Потом говорили остальные, но лучше Делиона не сказал никто. Что касается Первого, то он от имени собратьев поднял символическую чашу за союз всех разумных существ, независимо от их происхождения, обитающих на Земле и других планетах Солнечной системы. Люди были озабочены — то один, то другой поглядывал на часы: скоро должен был начаться мозговой штурм, назначенный Делионом перед проведением эксперимента. Теперь в Ядерном каждый раз проводился штурм, по мере накопления фактов, требующих общего осмысления.
Так, штурм был проведен после необычного снегопада в мегаполисе: физики Ядерного сумели вскрыть его причины. Впрочем, намечавшееся расслоение миров на параллельные, не состоялось. Граница между ними, которую посчастливилось наблюдать Эребро и Арсениго, исчезла, видимо, переместившись.
— Тянет на виллу Завары, сил нет, — шепнула Даниель Делиону, сидевшему рядом.

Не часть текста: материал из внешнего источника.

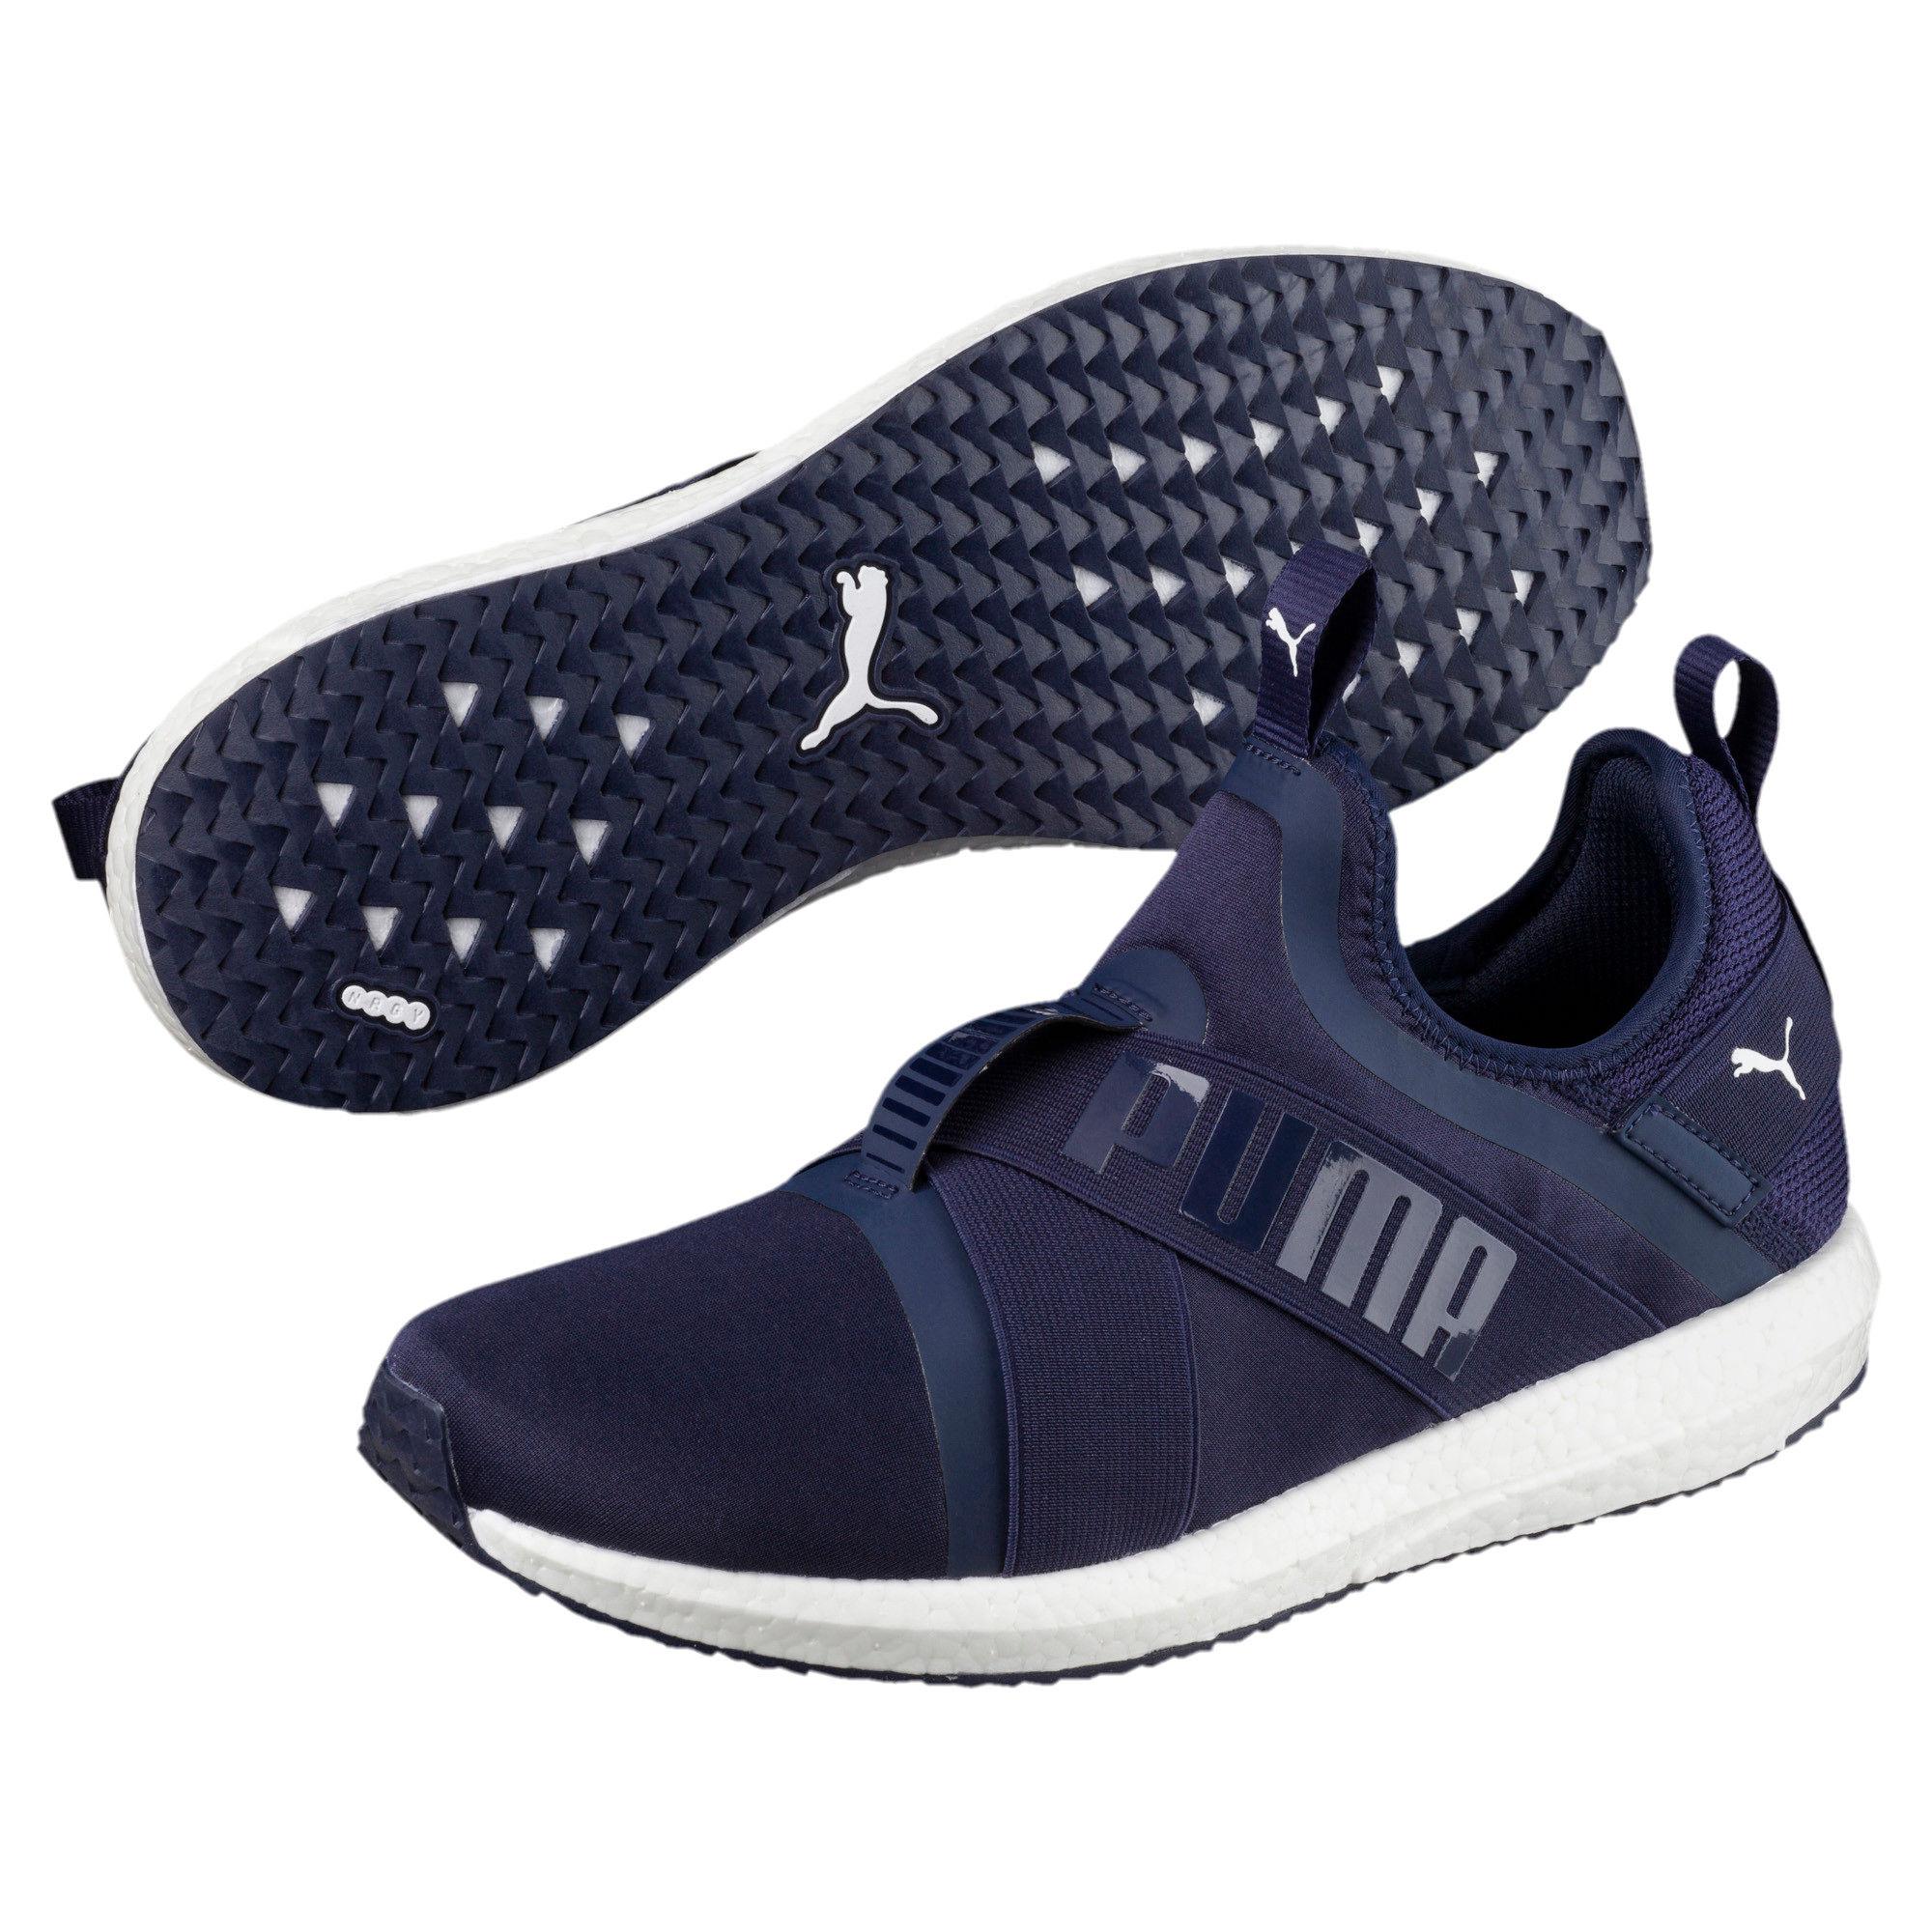 Puma Mega Nrgy X Running Shoe: Buy Puma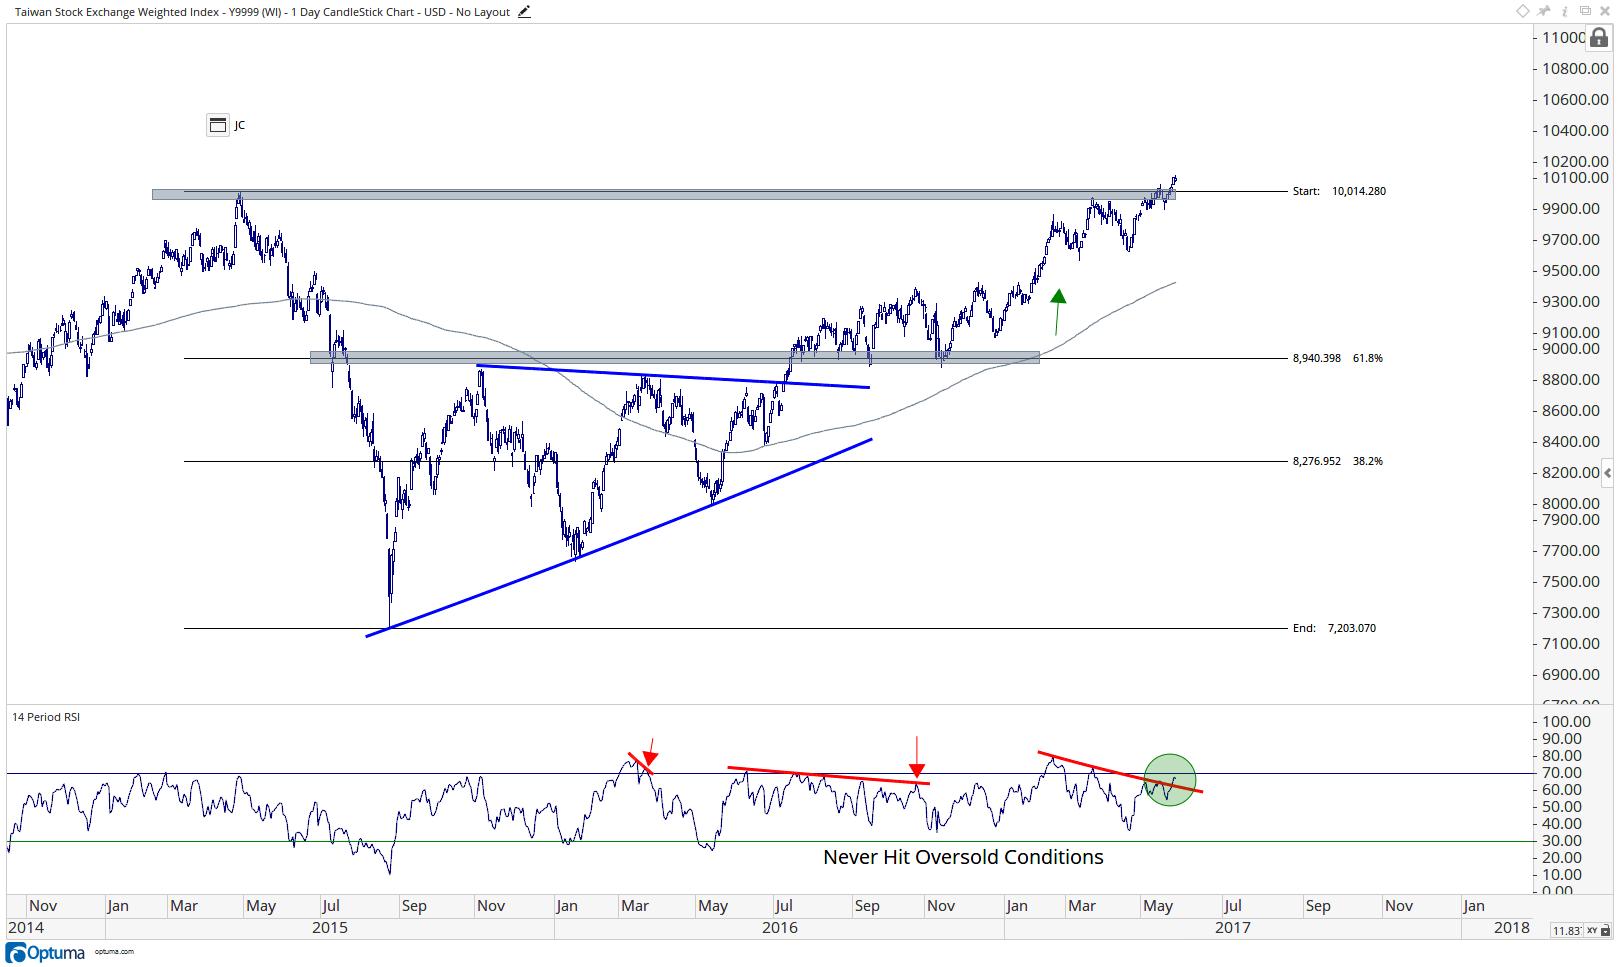 Taiwan Stock Exchange Index

— И меня, — признался Александр.
Именинница волновалась: ей сегодня впервые предстояло принять участие в мозговом штурме. Радомилич вынашивала одну мысль, которая, она знала, произведет впечатление разорвавшейся бомбы.
Надо сказать, ее давно уже, после странного сна, мучила неотвязная мысль: что ожидает будущего ребенка Мартины, которая — первая из молодых матерей — окунулась в грозное голубое свечение. Вдруг у нее родится мутант? Свои опасения она не высказывала никому, даже Эребро. Прилежно штудировала биофизику, к удивлению своего ментора — Атамаля. Читала и перечитывала, держа под подушкой, книгу Эрвина Шредингера «Что такое жизнь с точки зрения физика», шаг за шагом стараясь постичь ее сокровенный смысл.
— …О чем задумался наш ангел-хранитель? — привел ее в себя вопрос Делиона.
— О штурме.
— И верно. Пора, — Делион поднялся. За ним встали с мест и другие.
Кто-то тронул руководителя центра за руку. Делион обернулся, перед ним стоял Первый.
— У нас общая просьба, — сказал белковый. — Да?
— Разреши и нам участвовать в мозговой атаке.
— Участвуйте, — решил Делион и посмотрел на Радомилич.
— Почему бы и нет? — кивнула она. — Давно пора.
— Думаю, это на пользу дела, — присоединился к ним марсианин.
Даниель не ошиблась: ее сообщение, подкрепленное выкладками, произвело на физиков впечатление. Эребро сидел, как убитый, и по большей части молчал.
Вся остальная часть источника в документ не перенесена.